Every line from the one with "Tiger Woods of" up to and including the one with "people holding clothes (illustration)" is to be output exactly as it appears below; pictures are not.
Top of Material for the task
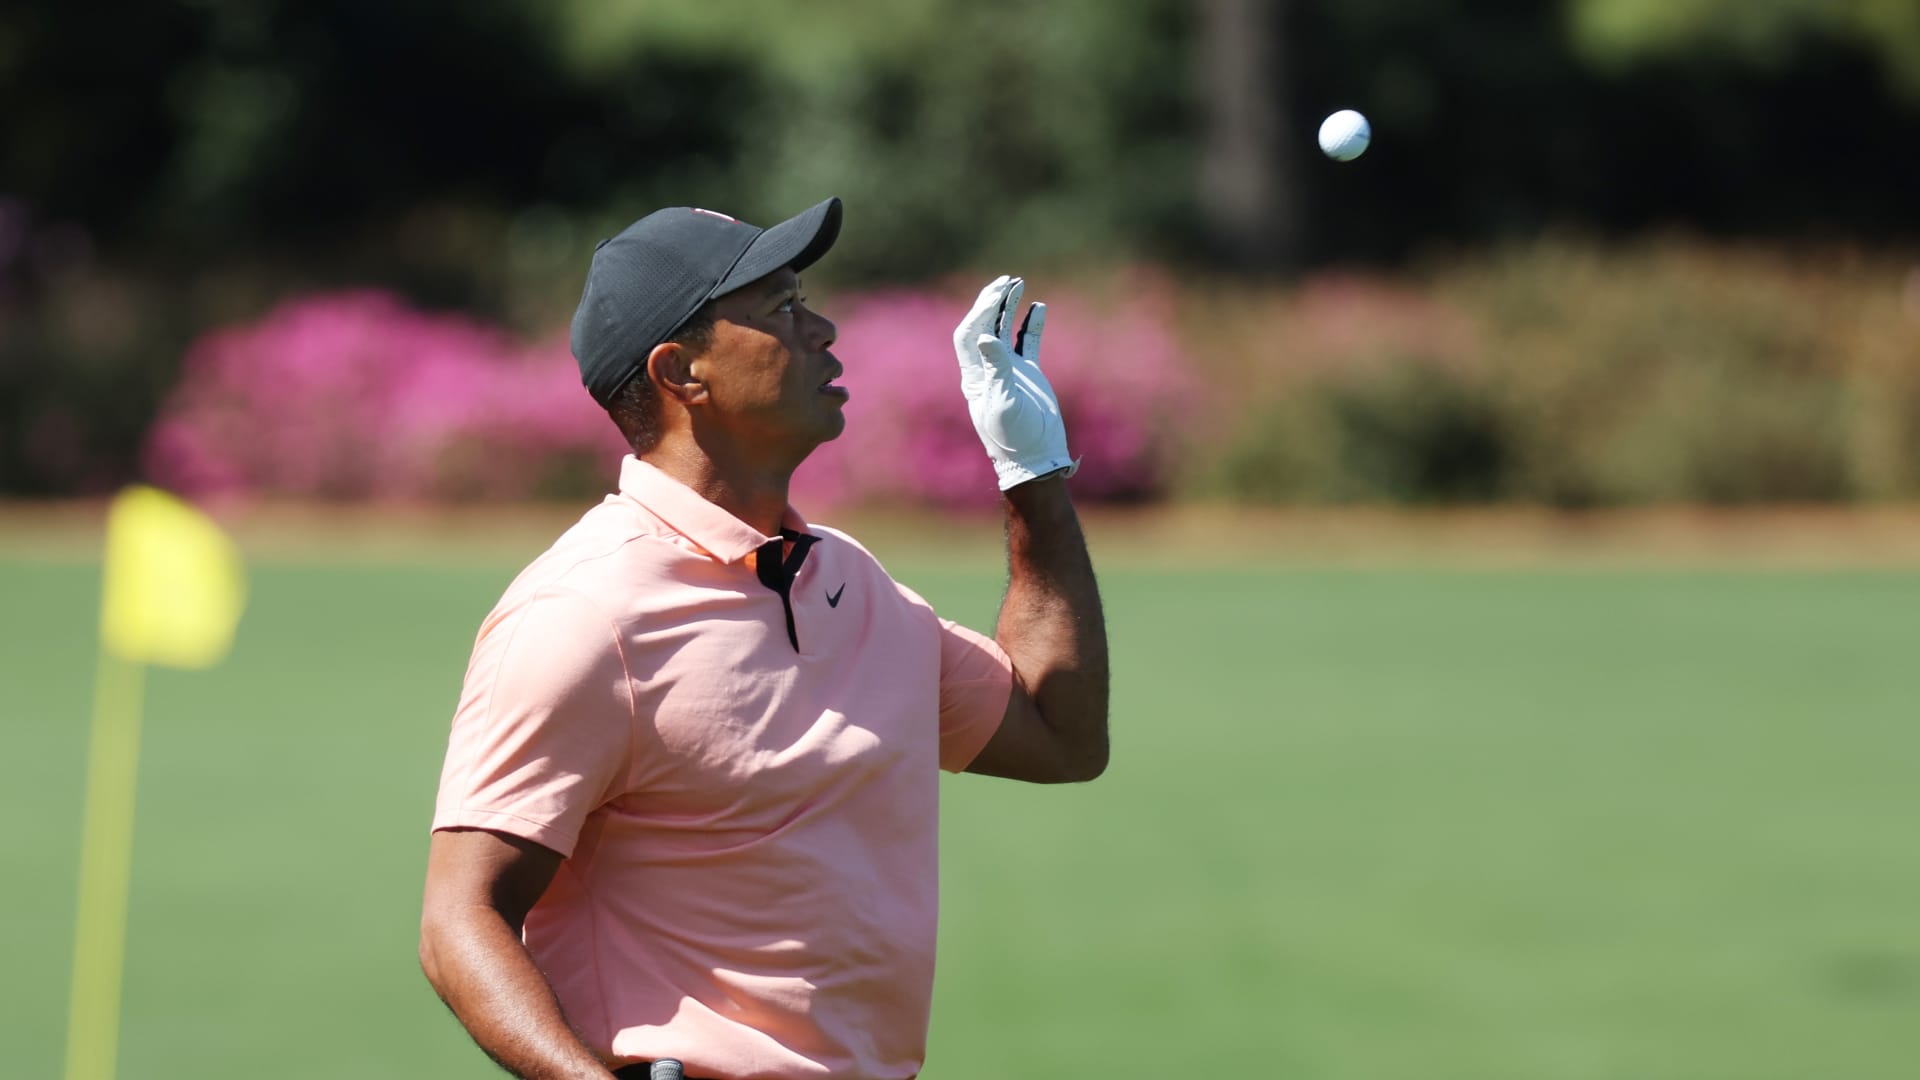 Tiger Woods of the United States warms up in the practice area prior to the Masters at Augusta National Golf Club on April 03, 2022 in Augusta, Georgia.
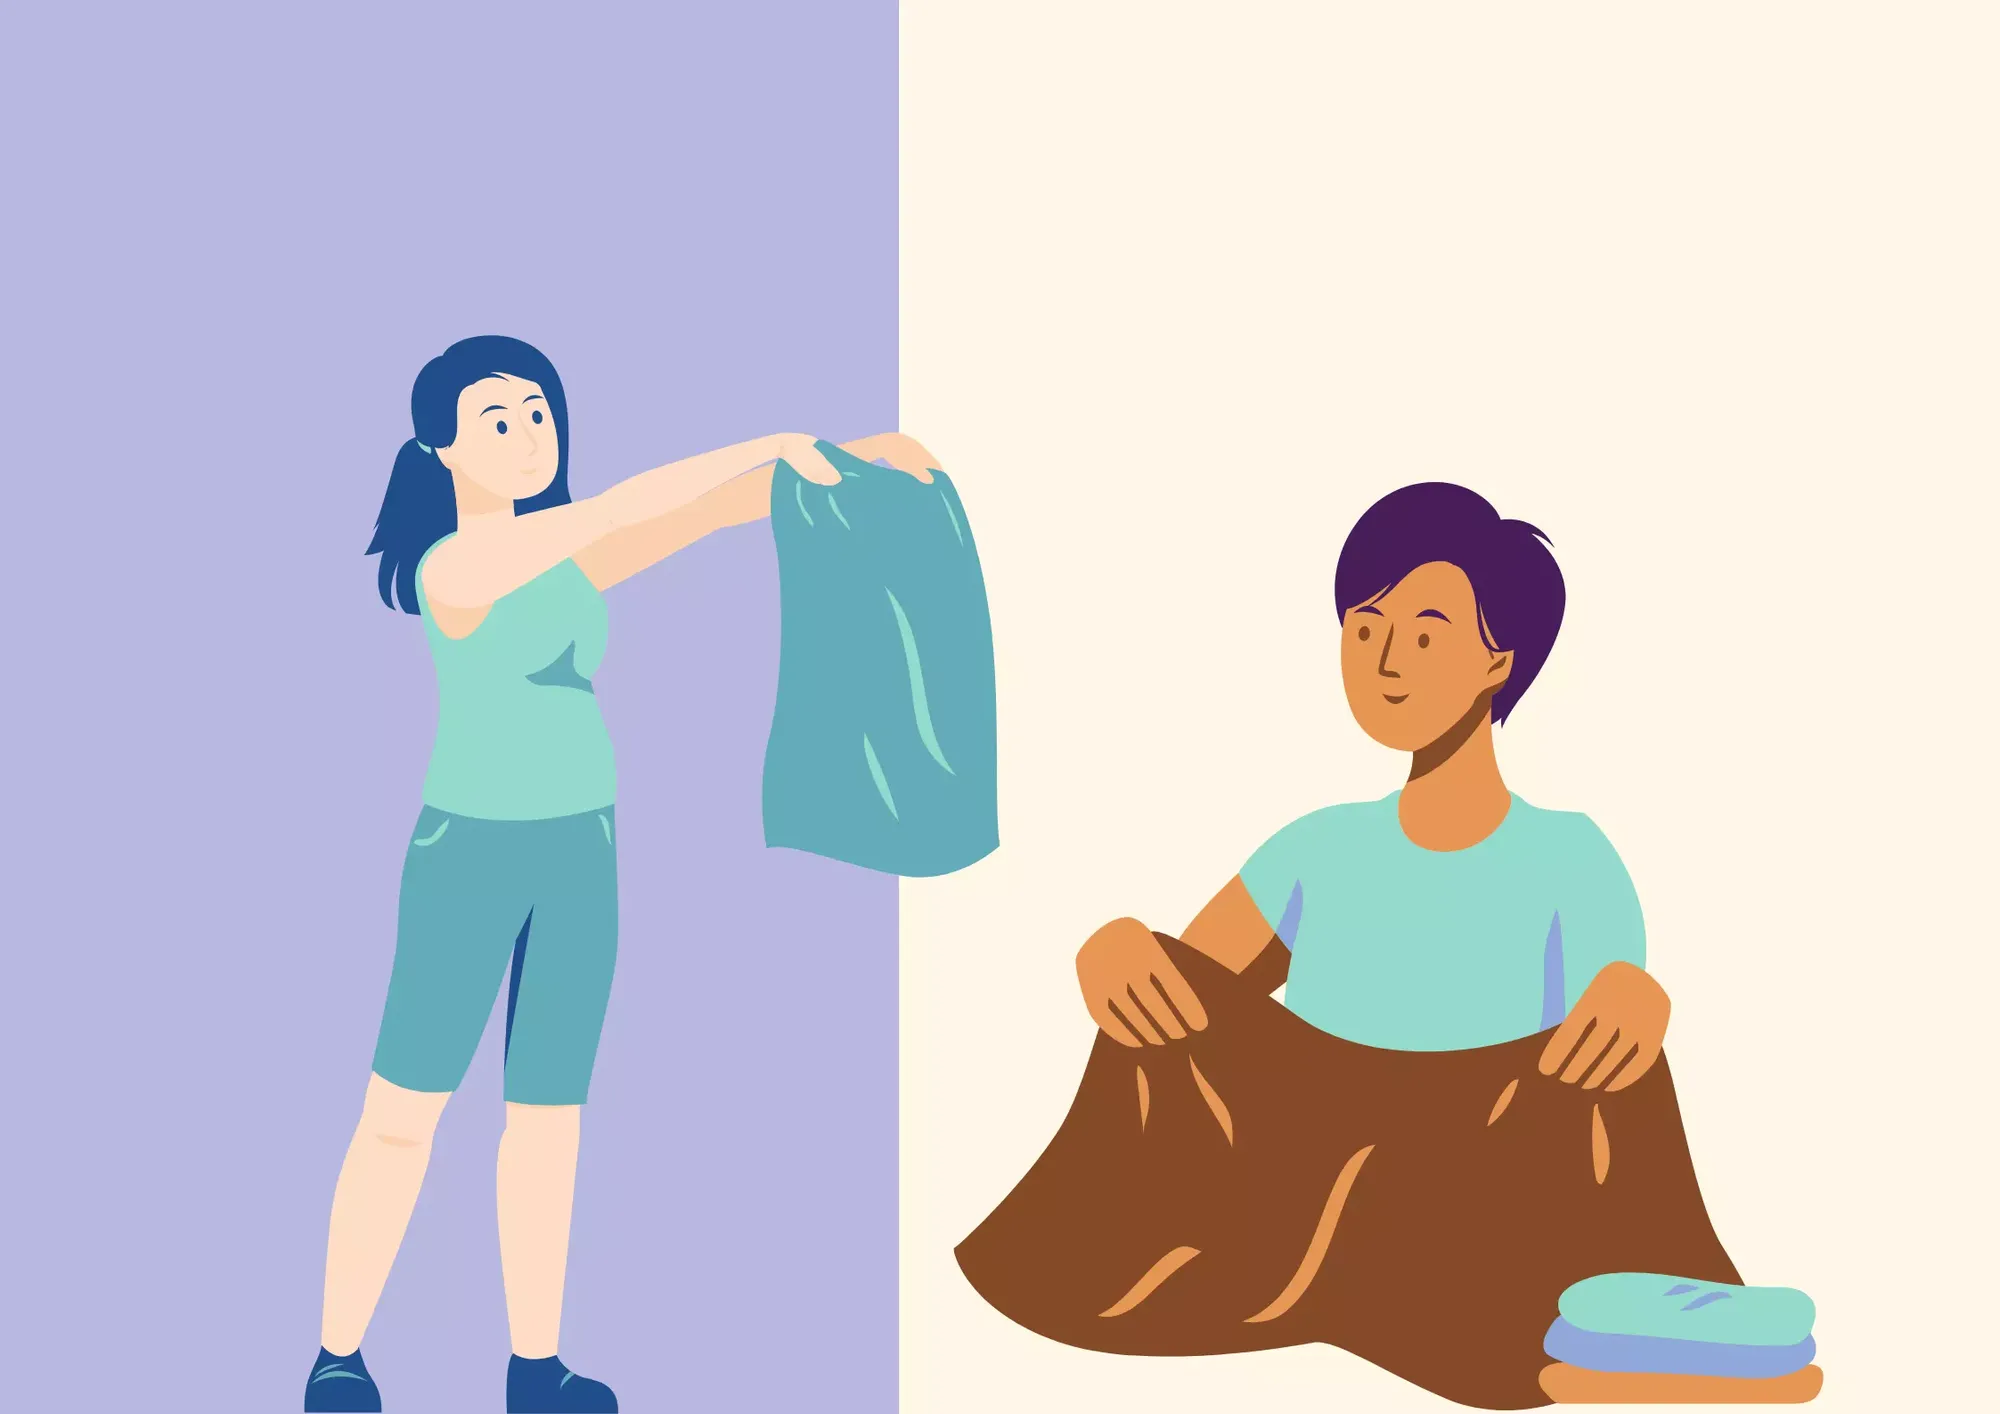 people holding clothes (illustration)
Bottom of Material for the task
Top of Material for the task
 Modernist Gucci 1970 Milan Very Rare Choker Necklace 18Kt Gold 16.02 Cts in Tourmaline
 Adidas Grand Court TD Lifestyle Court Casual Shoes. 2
Bottom of Material for the task
Top of Material for the task
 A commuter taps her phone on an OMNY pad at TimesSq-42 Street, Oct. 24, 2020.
Bottom of Material for the task
■ Problem solution ■
 Tiger Woods of the United States warms up in the practice area prior to the Masters at Augusta National Golf Club on April 03, 2022 in Augusta, Georgia.
 people holding clothes (illustration)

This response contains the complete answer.